Он очнулся из тяжелого сна уже в разгар дня. Шторы еще были опущены, но перестук телег и крики на улице показывали, что он проспал. Демельза уже встала — ее место в постели пустовало.

Росс поднял голову и посмотрел на часы. Десять минут десятого.

Снаружи стоял такой шум, что он отдернул шторы и выглянул в окно. Продавец кроликов затеял свару с какими-то оборванными ирландскими поденщиками, которые пытались выменять на кроликов не очень свежую и, вероятно, ворованную рыбу. Когда им это не удалось, они решили сами взять необходимое. Вокруг матерящихся драчунов столпились зеваки: разносчики, лоточницы, слуги, подмастерья. Вне зависимости от исхода ни рыбу, ни кроликов продать уже было бы невозможно.

Росс полностью раздвинул шторы и задумался о том, где Демельза. Потом он увидел письмо.

Оно гласило:

Росс!

Я еду домой. Дуайт уезжает в семь утра из «Короны и якоря», и я напросилась поехать с ним.

Росс, я не могу больше оставаться в Лондоне. Правильно ли я себя вела или нет, я не знаю, но это стало причиной дуэли между тобой и Монком Эддерли. И я понимаю, что это может случиться снова. И снова.

Мне не следовало приезжать, я не принадлежу к лондонскому обществу, и мое желание быть со всеми дружелюбной и любезной принимают за что-то другое.

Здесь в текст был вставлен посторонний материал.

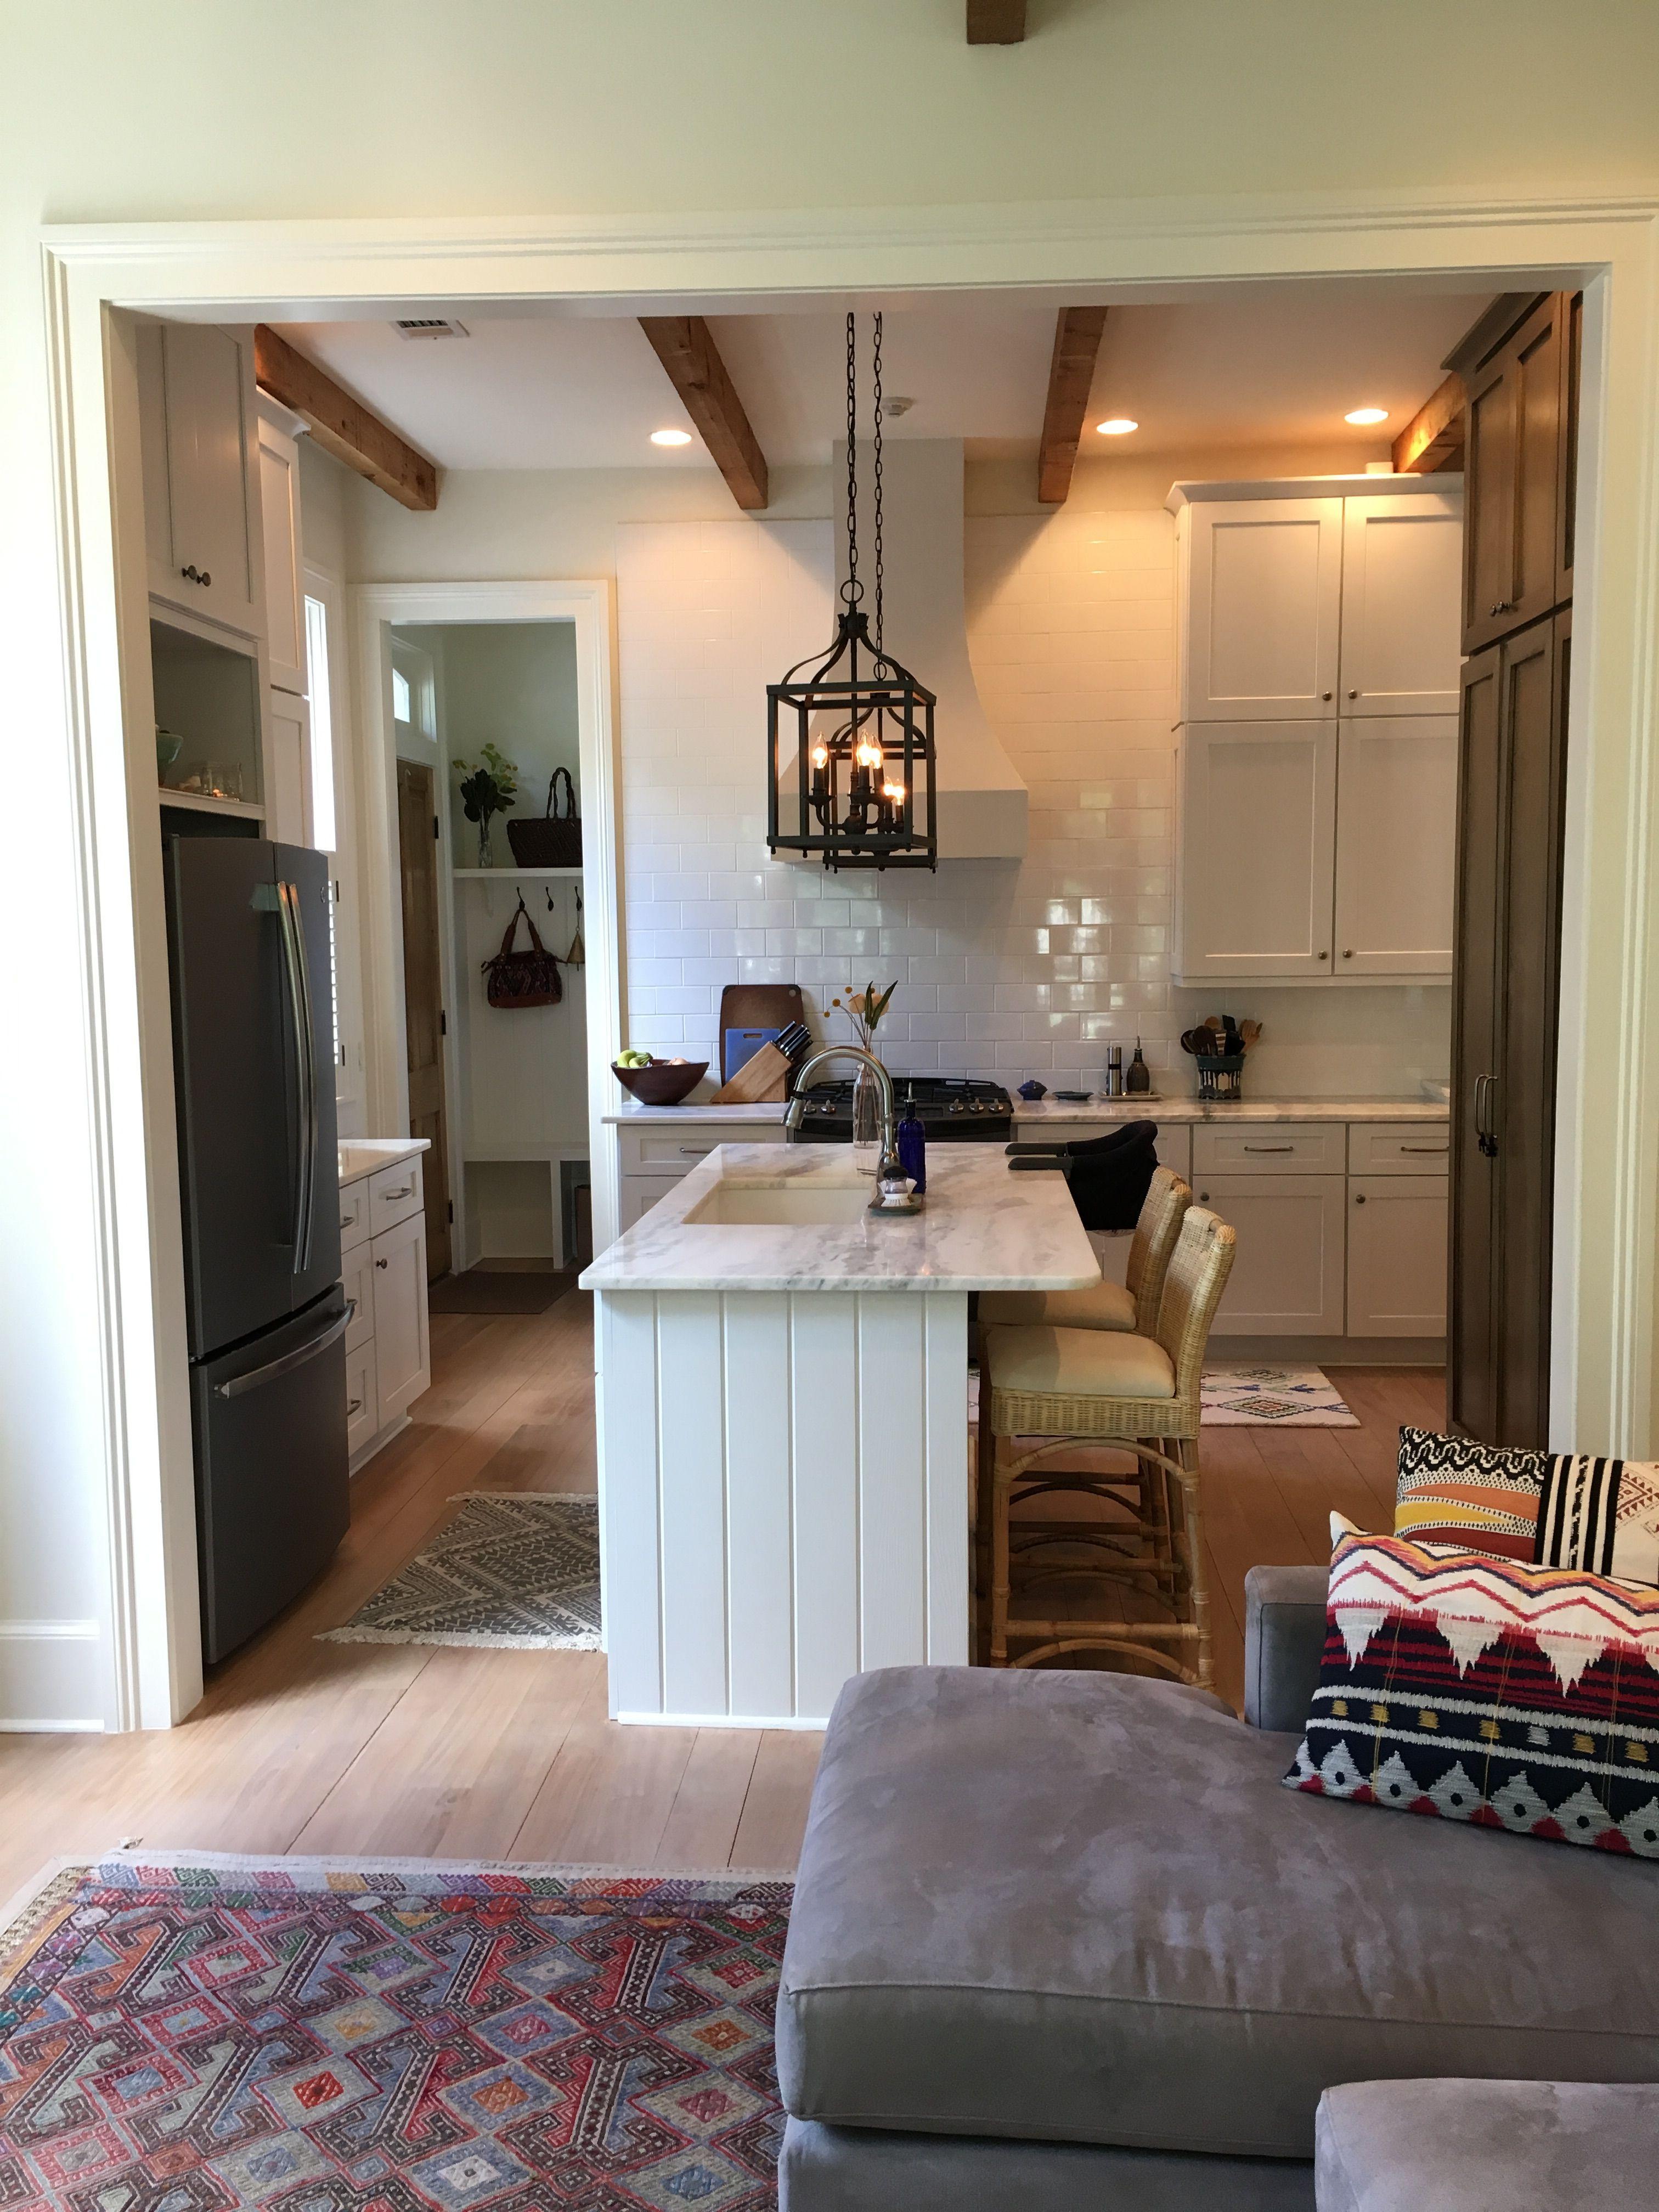 Benjamin Moore Acadia White Ac 41 4x8 Subway Tile Mont Blanc Quartzite Kitchen Cabinets Kitchen White Kitchen Cabinets
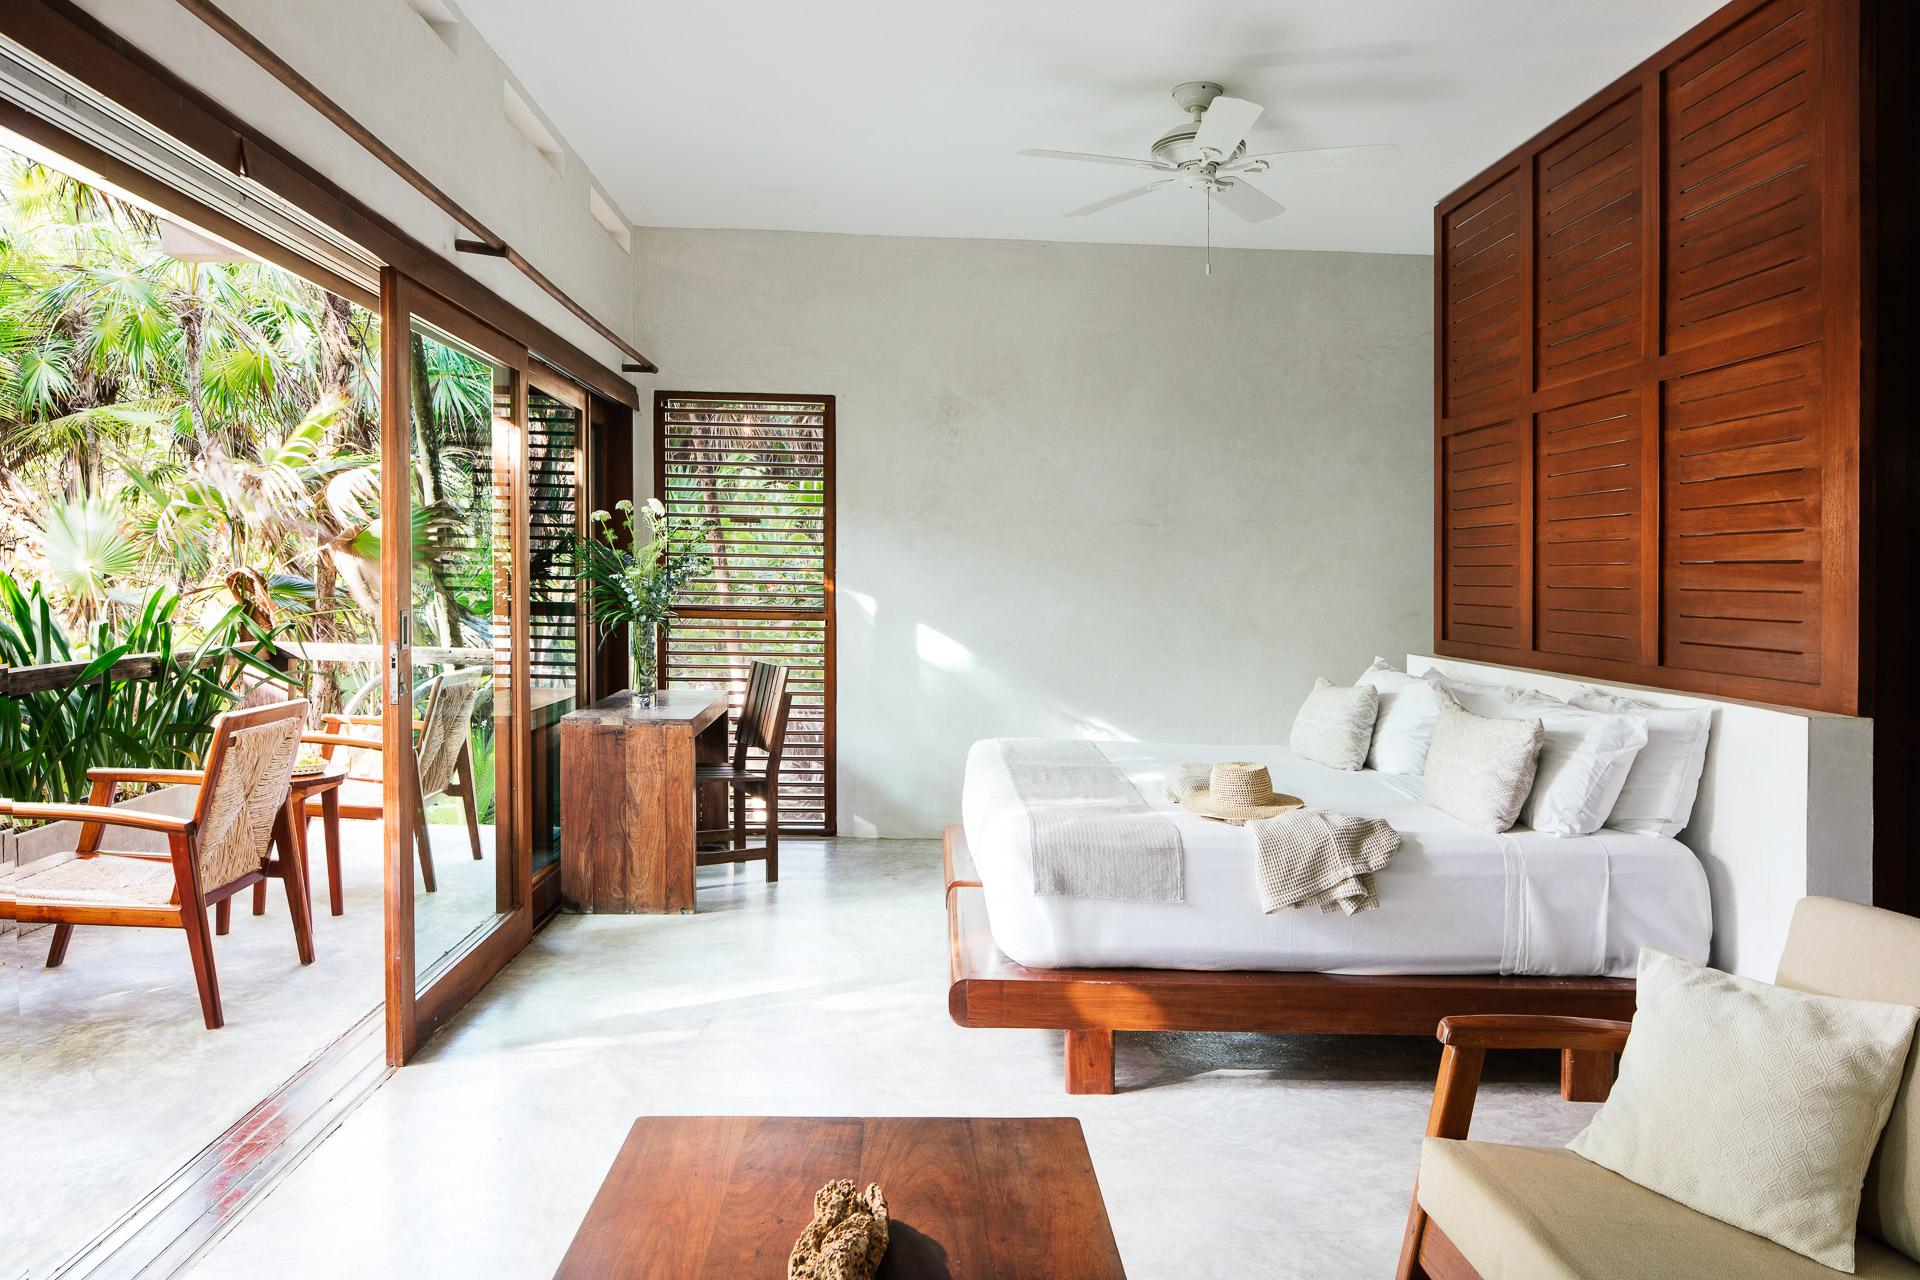 caribbean-hotel-resort-photographer-olas-tulum-mexico--3.jpg

Даже ты принимаешь это за что-то другое.

Росс, я еду домой — в твой дом, твое поместье, к твоим детям. Когда ты вернешься, я буду там, и мы посмотрим, что можно сделать.

С любовью,

Демельза

Глава девятая

— Какой нумер, вы говорите, миледи? — переспросил носильщик портшеза.



— Четырнадцать, — ответила Элизабет.

— Четырнадцать. Это на другом конце улицы, миледи. Не сумлевайтесь, я вас туда доставлю.

Они потряслись по неровной мостовой, протискиваясь сквозь пешеходов с криком: «Посторонись! Дорогу!»

Пул-лейн оказалась узкой извивающейся улочкой к северу от Оксфорд-роуд, и чем дальше, тем она становилась уже. У дома номер четырнадцать была зеленая, недавно покрашенная дверь, в отличие от облупившихся соседних. Элизабет уже хотела бросить эту затею и повернуть назад, но воспоминания о последних десяти днях заставили ее продолжать.

После невинной фразы Джеффри Чарльза Джордж стал невыносим. Весь ужас заключался в том, что наблюдение Джеффри Чарльза было пусть и не абсолютно верным — внешность Валентина менялась, как у хамелеона, в зависимости от настроения — но стоило это произнести, как в воздухе неизбежно повисло подозрение. Эти слова скорее походили на проклятие, чем на наблюдение. Словно сын Фрэнсиса Полдарка опознал другого Полдарка. Будто их предки воззвали из могил. Конечно, это было совершенно не так, и в нормальной ситуации было бы воспринято соответствующим образом. Вот только ситуация не была нормальной.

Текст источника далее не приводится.